The drug reputedly unlocked creative centers of the brain, disinhibited the mind in a way that led to amazing discoveries, revelations, enlightenment. Of course, it had a famous downside: the bad trip, or bummer, hours of intensely painful suffering instead of a transcendent opening of the doors of perception. The CIA had used this feature of the drug to derange the thoughts of people it suspected of being spies and more than one of these deranged suspects leaped through plate glass windows not caring whether they could fly or not. There was a tent at Woodstock where empathetic people quietly talked down people suffering from bad trips. Bummer, a word still in common use, and with good reason, is a relic of those days.
As this bummer I am thinking of progressed, the young man in hell, a hell as real as any, desperately turned on the TV and began staring at an insipid program. He sat close to the screen and watched the show intently. The insipidness of the program, and the desperation of watching it, were more than I could bear at the moment and I went over to flick the TV off.
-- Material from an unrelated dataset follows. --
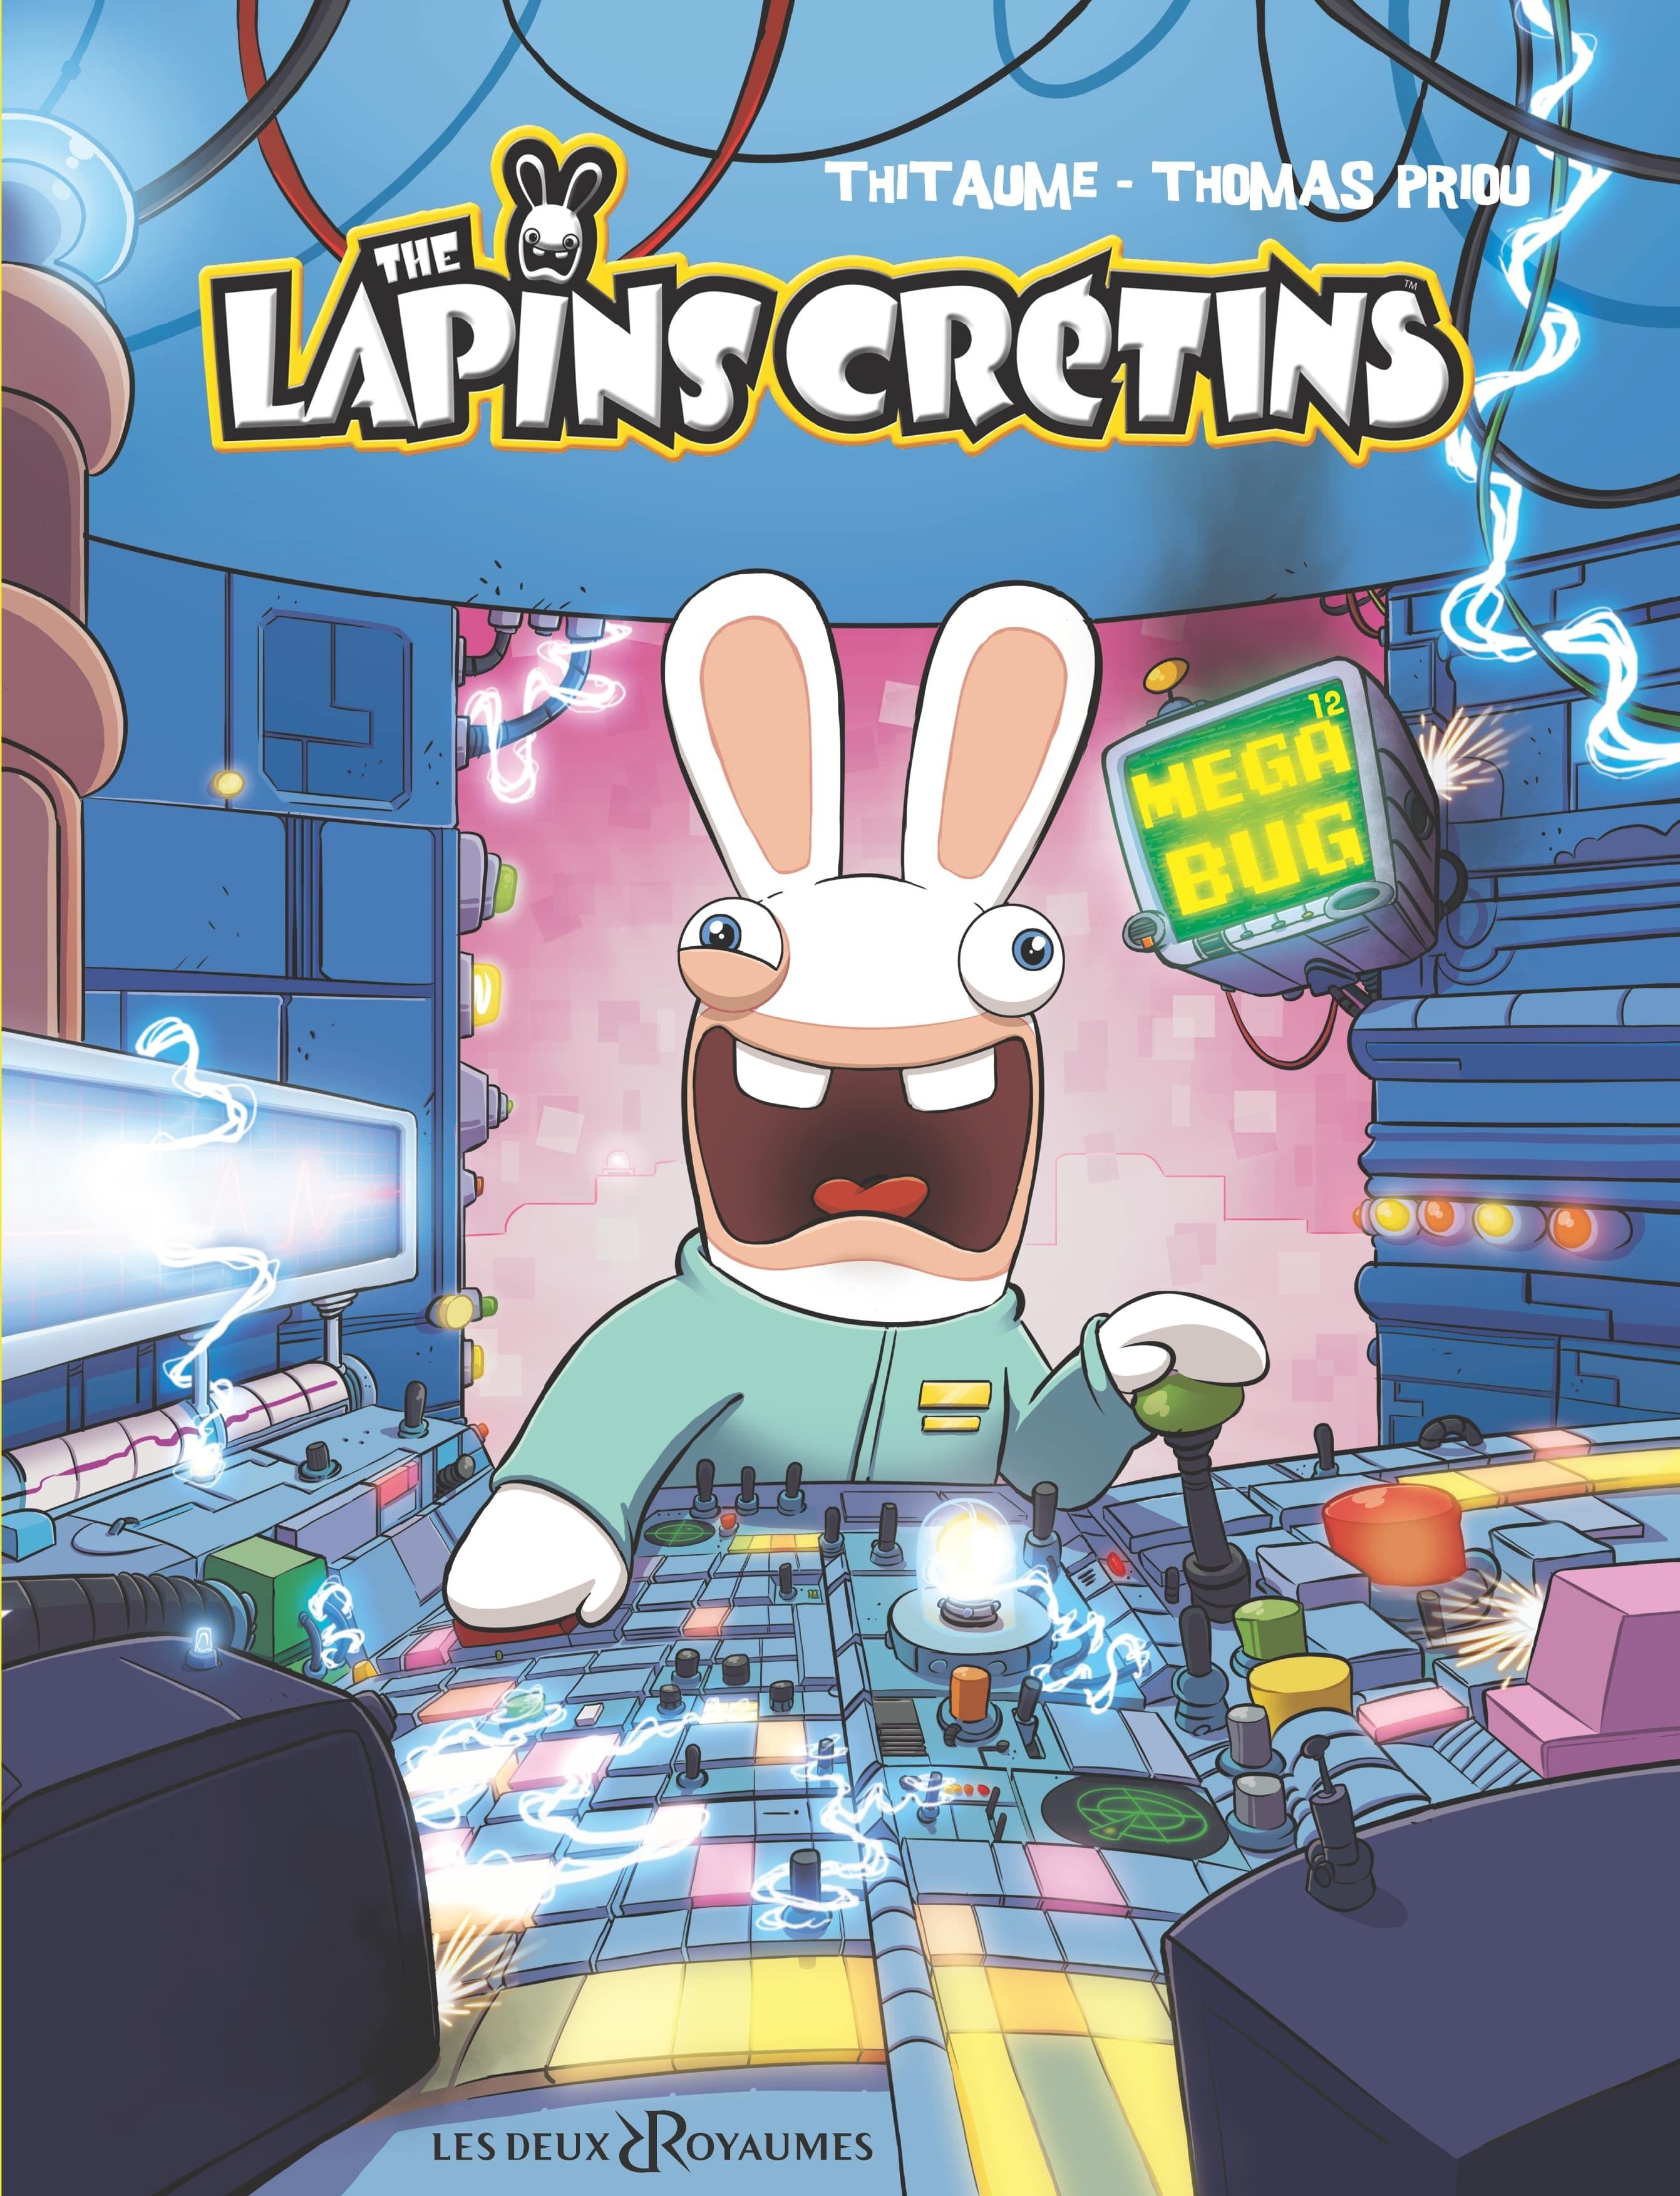 THE LAPINS CRETINS - TOME 12 - MEGA BUG

“No, please…” the young man bumming out said, reaching forward to cling to the television set. “Please,” he said with an abjectness difficult to describe, “I need it.” Nothing I said could persuade him otherwise. I don’t recall how long he sat there, literally hugging the TV. It may have been only moments, but in the memory of a man with a proneness to metaphor, it is a deeply seared metaphor.
We live in a culture narcotized by TV where drugs are now routinely prescribed to treat every ailment known to man, woman and child. Higher consciousness is no longer a subject of discussion, except winkingly, in air quotes. Literally millions of children are given drugs like Ritalin to make them calm the fuck down after a quick diagnosis of “pain in the ass”. It is for their sake, and the common good, that they are medicated. Some of them no doubt benefit from it. Others, well, there will always be others. We are no longer sitting around singing Kumbaya, my friend.
A final note on the bummer, the nature of our minds and our minds on drugs, from an address given by Oliver Wendell Holmes, Sr., physician father of the famous jurist. The quote has been rattling around my mind as I wrote this entry, and I provide it here for the wise to ponder, although, of course, one is equally free to enjoy a childlike laugh over it:
Here is an extended excerpt from the 1870 lecture of Holmes which was published in 1879 [OHMT]:
I once inhaled a pretty full dose of ether, with the determination to put on record, at the earliest moment of regaining consciousness, the thought I should find uppermost in my mind. The mighty music of the triumphal march into nothingness reverberated through my brain, and filled me with a sense of infinite possibilities, which made me an archangel for the moment. The veil of eternity was lifted. The one great truth which underlies all human experience, and is the key to all the mysteries that philosophy has sought in vain to solve, flashed upon me in a sudden revelation. Henceforth all was clear: a few words had lifted my intelligence to the level of the knowledge of the cherubim. As my natural condition returned, I remembered my resolution; and, staggering to my desk, I wrote, in ill-shaped, straggling characters, the all-embracing truth still glimmering in my consciousness. The words were these (children may smile; the wise will ponder): “A strong smell of turpentine prevails throughout.”